A notebook template manager for ML students.
One command installs a ready-to-run Jupyter notebook — already wired to your dataset, with your column names, your target, and your drop columns injected automatically.

No more writing the same boilerplate for every assignment. Just pick a template, point it to your CSV, and open Jupyter.


Installation

pip install notebookpkg

Requirements: Python 3.7+, pandas, scikit-learn, matplotlib, seaborn, nbformat, click


How It Works

  1. You run one command with your CSV file
  2. The tool reads your dataset and detects all column names and types
  3. It injects your dataset path, column names, target column, and drop columns into the template
  4. A .ipynb file is created in your current folder
  5. Open it in Jupyter and run all cells — everything is pre-filled

Quick Start

# Step 1: See all available templates
notebookpkg list

# Step 2: Install a template for your CSV
notebookpkg install linear-regression --dataset Salary_Data.csv --target Salary

# Step 3: Open the notebook
jupyter notebook linear-regression_notebook.ipynb

Commands

notebookpkg list

Lists all available templates with their descriptions.

notebookpkg list

Output:

📦 Available Templates:

  decision-tree                       Decision Tree: criterion=entropy, max_depth=5, plot_tree, accuracy, report
  eda-basic                           Basic EDA: head, shape, info, describe, nulls, dtypes, nunique
  eda-full                            Full EDA: visual + outliers, skewness, duplicates, value counts
  eda-visual                          Visual EDA: pairplot, heatmap, distributions
  kmeans-clustering                   KMeans Clustering: StandardScaler, elbow method, silhouette score, cluster plot
  knn-classifier                      KNN Classifier: StandardScaler, fit, accuracy, confusion matrix, report
  lasso-ridge                         Linear + Lasso + Ridge Regression with StandardScaler and coefficient plots
  linear-regression                   Linear Regression: EDA, fit, predict, visualize, MSE, R²
  logistic-regression                 Logistic Regression: StandardScaler, fit, accuracy, confusion matrix, report
  multi-model-compare                 LR + KNN + Naive Bayes on same dataset with accuracy comparison
  naive-bayes                         Gaussian Naive Bayes: StandardScaler, fit, accuracy, confusion matrix heatmap
  polynomial-regression               Polynomial Regression: PolynomialFeatures, smooth curve plot, MSE, R²
  random-forest-classifier            Random Forest Classifier: model1, accuracy, confusion matrix, feature importance
  random-forest-regressor             Random Forest Regressor: RFR, fit, MSE, R², Actual vs Predicted scatter
  svm-classifier                      SVM: Linear kernel, then RBF kernel with AgeSalary feature engineering

notebookpkg install

Installs a template wired to your dataset.

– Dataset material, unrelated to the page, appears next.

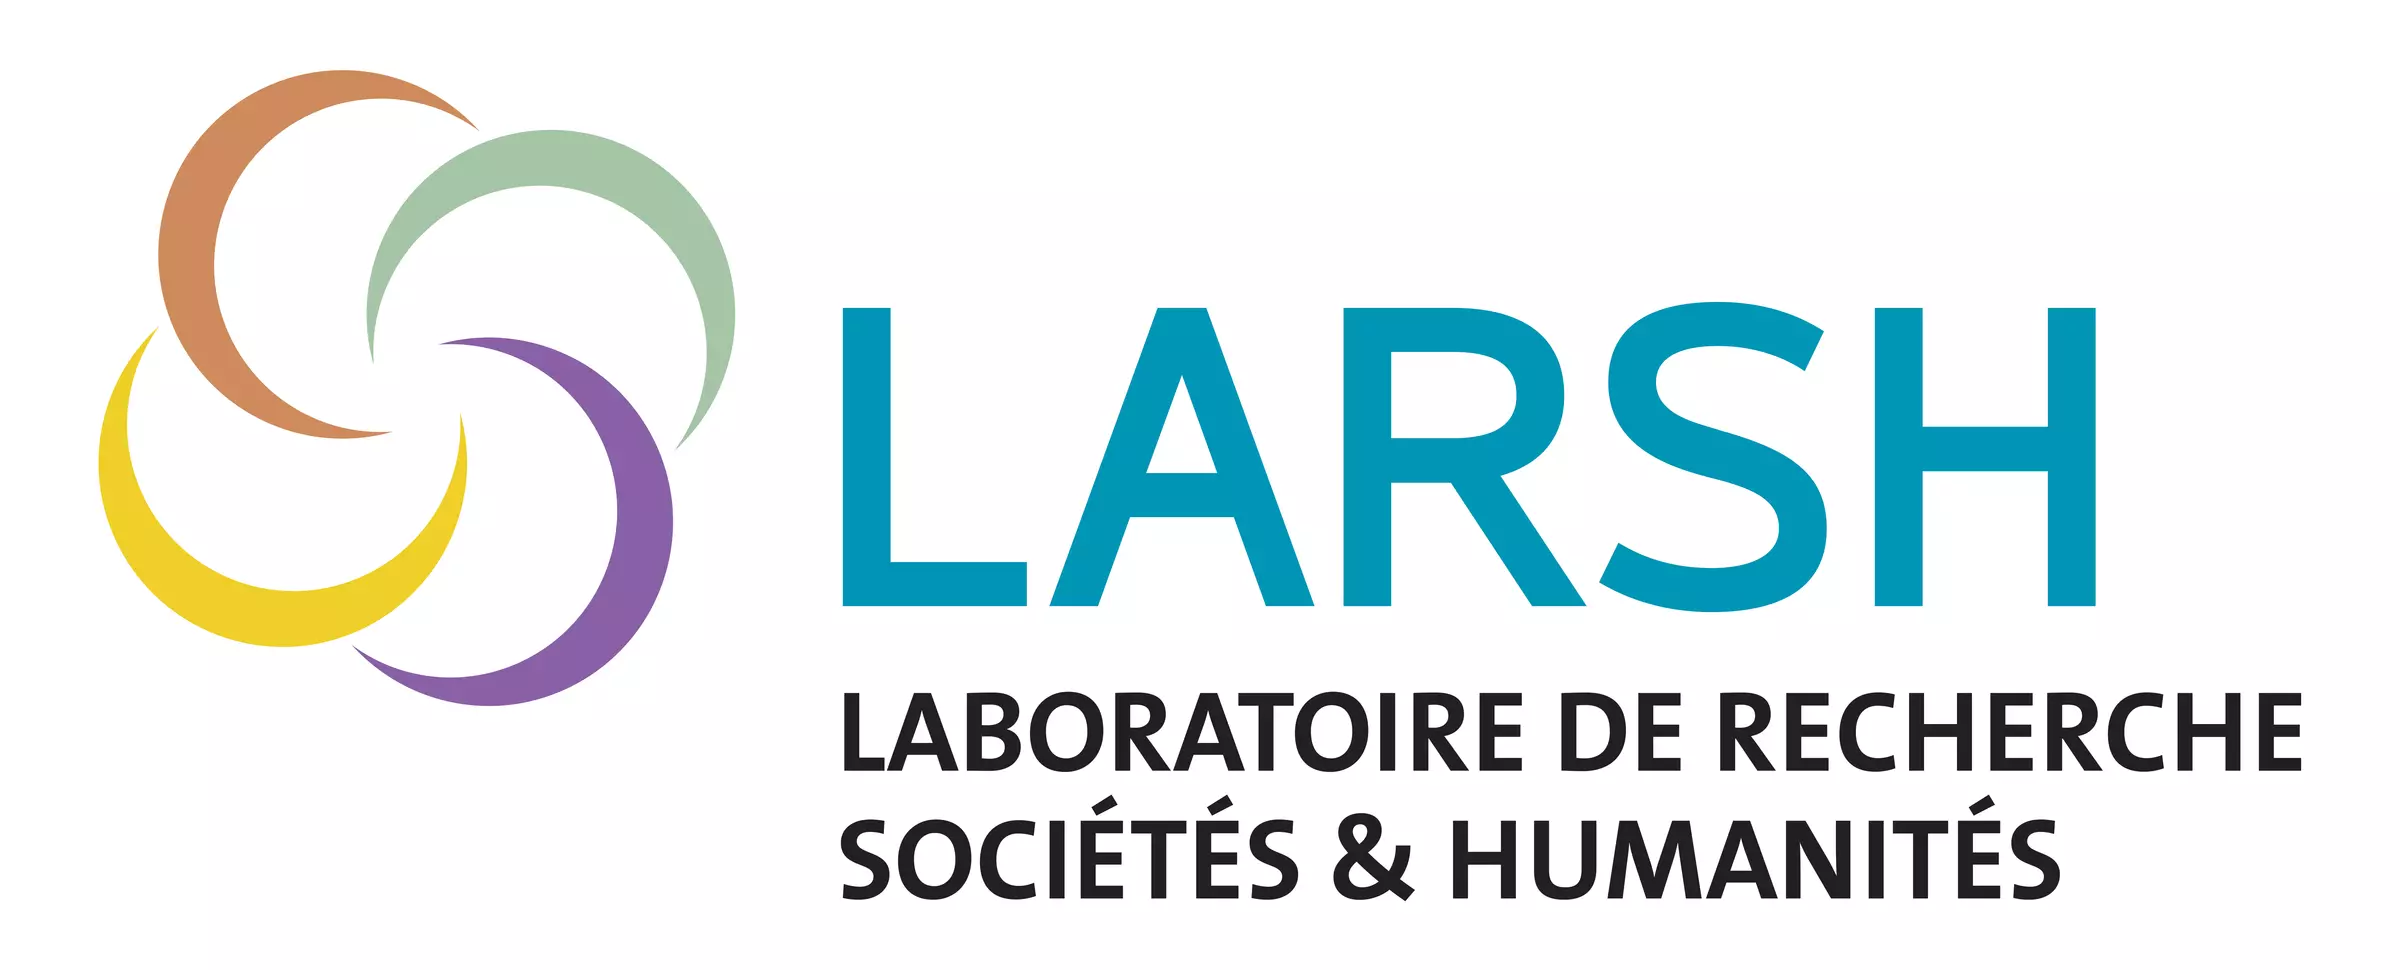 Laboratoire de Recherche Sociétés & Humanités

notebookpkg install <template-name> --dataset <path-to-csv> [options]

All options:

Option Required Default Description
--dataset Yes — Path to your CSV file
--target No Last column Target/label column name
--drop No None Columns to drop, comma-separated
--degree No 2 Polynomial degree — only for polynomial-regression
--clusters No 3 Number of clusters — only for kmeans-clustering
--output No <template>_notebook.ipynb Custom output filename


notebookpkg syntax

Prints the complete code of a template — every cell in order — directly in your terminal. Use this to preview exactly what will be generated before installing.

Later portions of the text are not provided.